In each of the eight large unconventional basins, the domestic rig count either did not move much up or down, or was unchanged, although three of the five oil basins gained rigs and two of the three gas basins lost rigs, according to Aug. 29 Commodity Insights data.

Moreover, gas-directed rigs fell prey to the four-rig weekly loss, falling to 95, while oil-oriented rigs remained unchanged at 538, the analysis showed.

The total number of domestic oil and gas rigs has stayed relatively rangebound in the 630s for nearly four months, although the average has dropped a bit so far in the third quarter of 2024 from upstream operator efficiencies in well drilling that resulted in fewer units needed in the field. In addition, M&A transactions have caused some rig pullbacks as operators pause drilling during the pre- and post-transition closing periods to gauge their forward programs, analysts say.

So far, the average Q3 rig count is 633, compared with 641 in Q2 and 662 in Q1.

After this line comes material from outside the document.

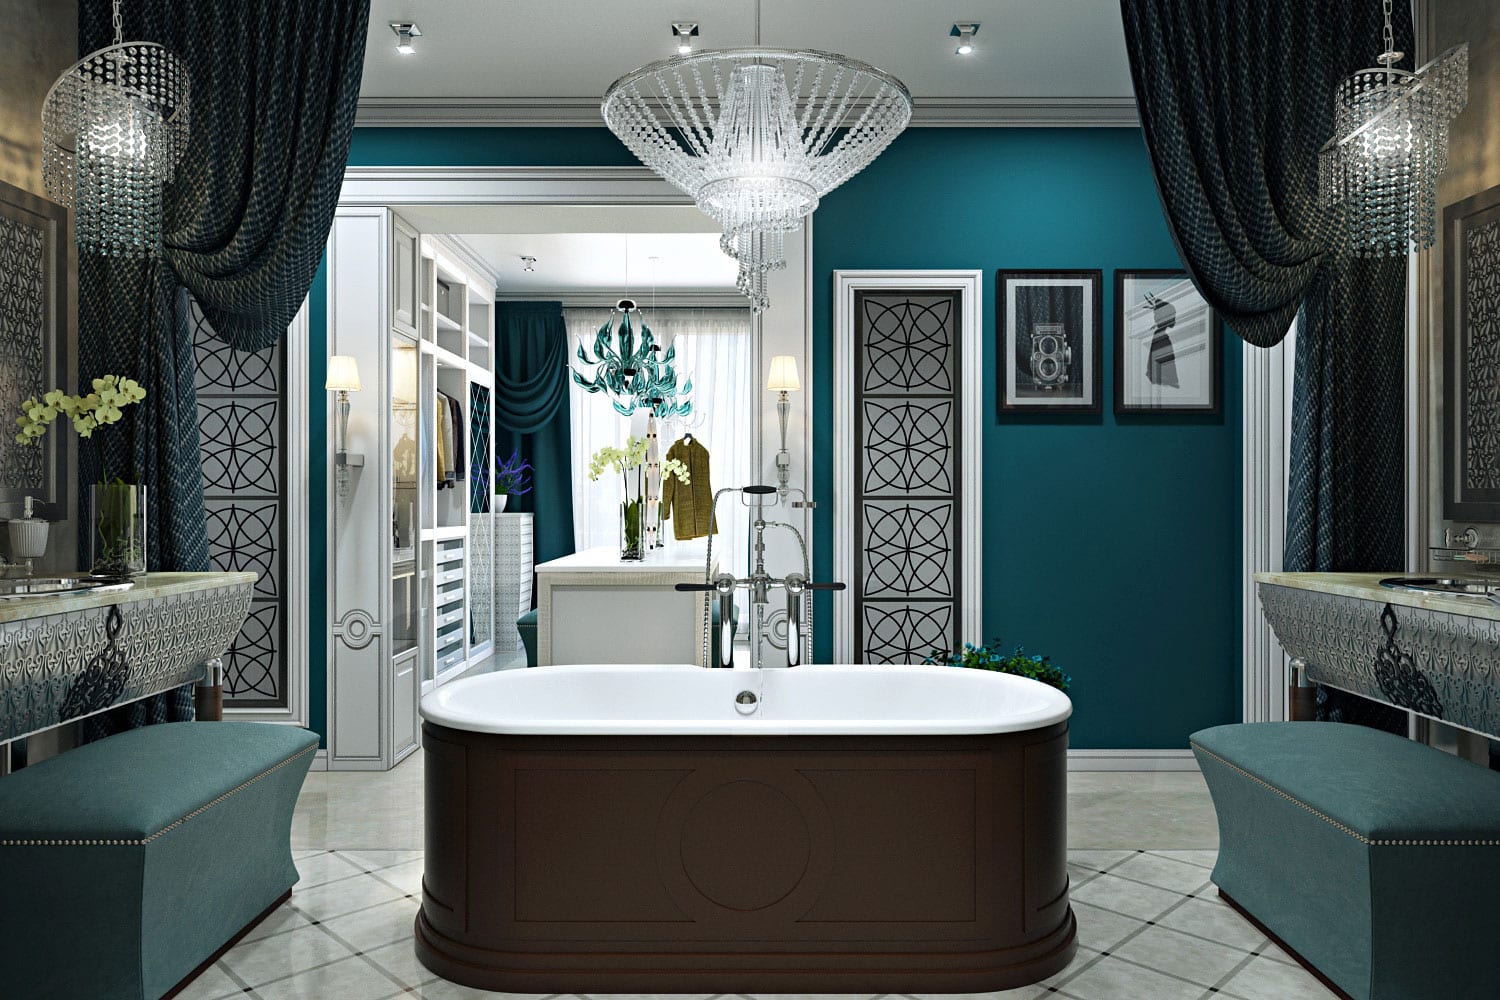 Ванная комната в стиле французского будуара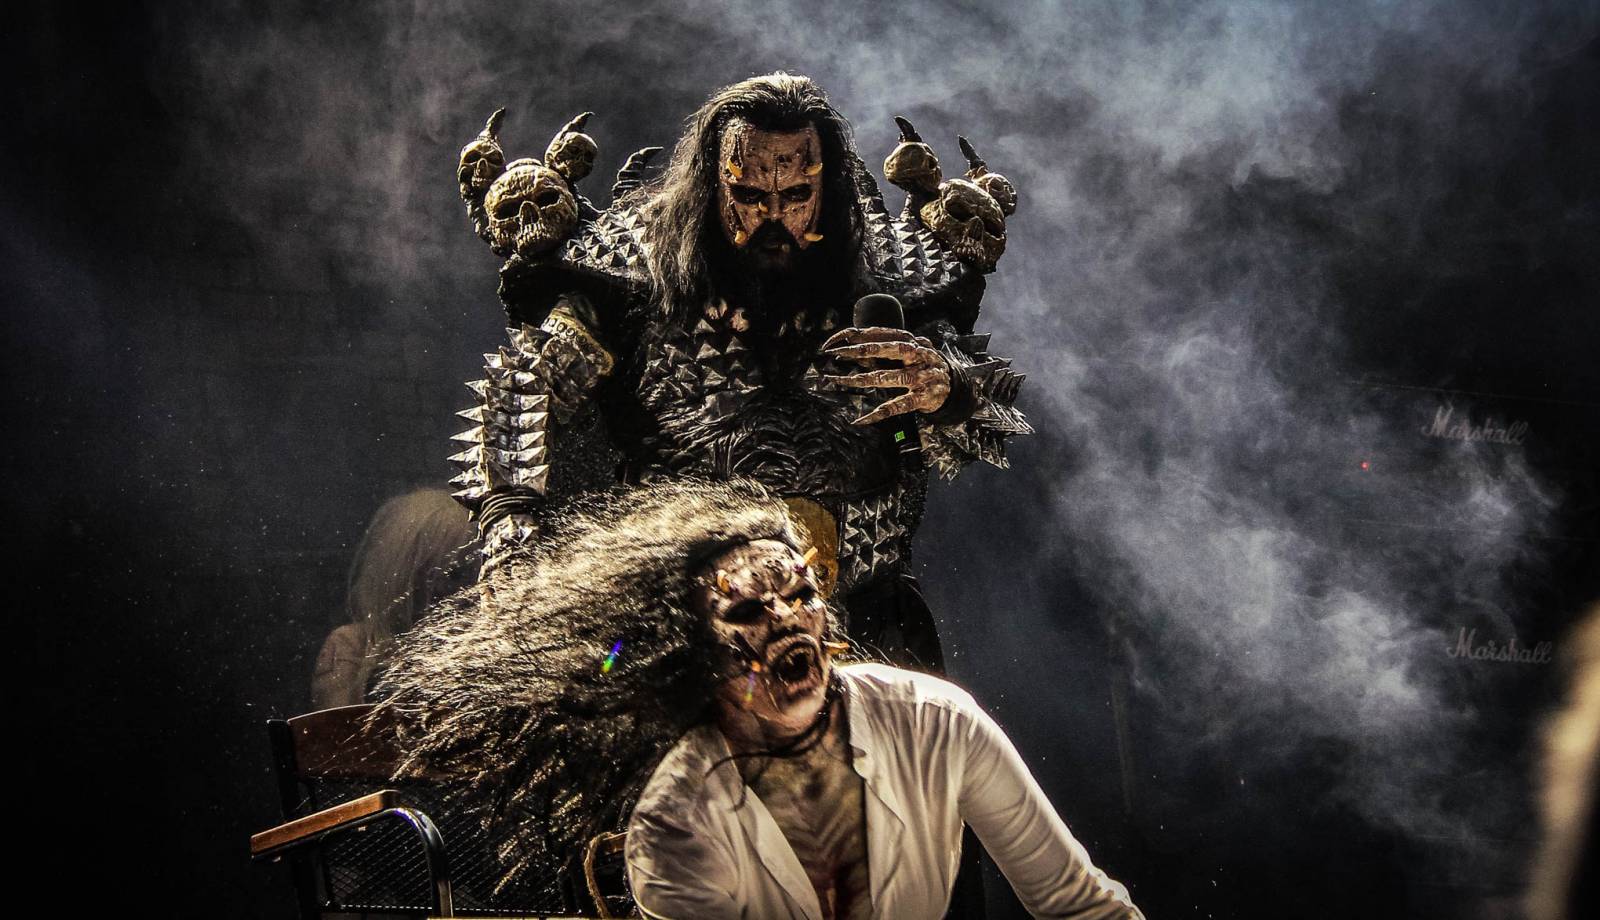 Masters Of Rock přivítal další hvězdy: Lordi strašili svými převleky, Avatar přivezl metalový cirkus

Even as rigs remain at relatively low levels amid stable crude prices, oil production may surprise to the upside as 2024 winds down, while gas could see a year-end trough and price pick-up into 2025, analysts say.

"Despite a significantly lower rig count and ongoing M&A wave, US tight oil activity appears more resilient than we believe is broadly appreciated," especially in the Permian Basin, Walt Chancellor, energy strategist at global financial services advisory firm Macquarie, said in an Aug. 27 investor note.

'Eventual upside surprise' in oil supply?

"While we had previously seen the potential for increased efficiency and reduced costs functioning as counter-cyclical tailwinds, these forces now appear more prominent in the 2024/2025 shale landscape," Chancellor said. "Although the timing and magnitude remain uncertain, we see these factors driving an eventual upside surprise in US oil supply.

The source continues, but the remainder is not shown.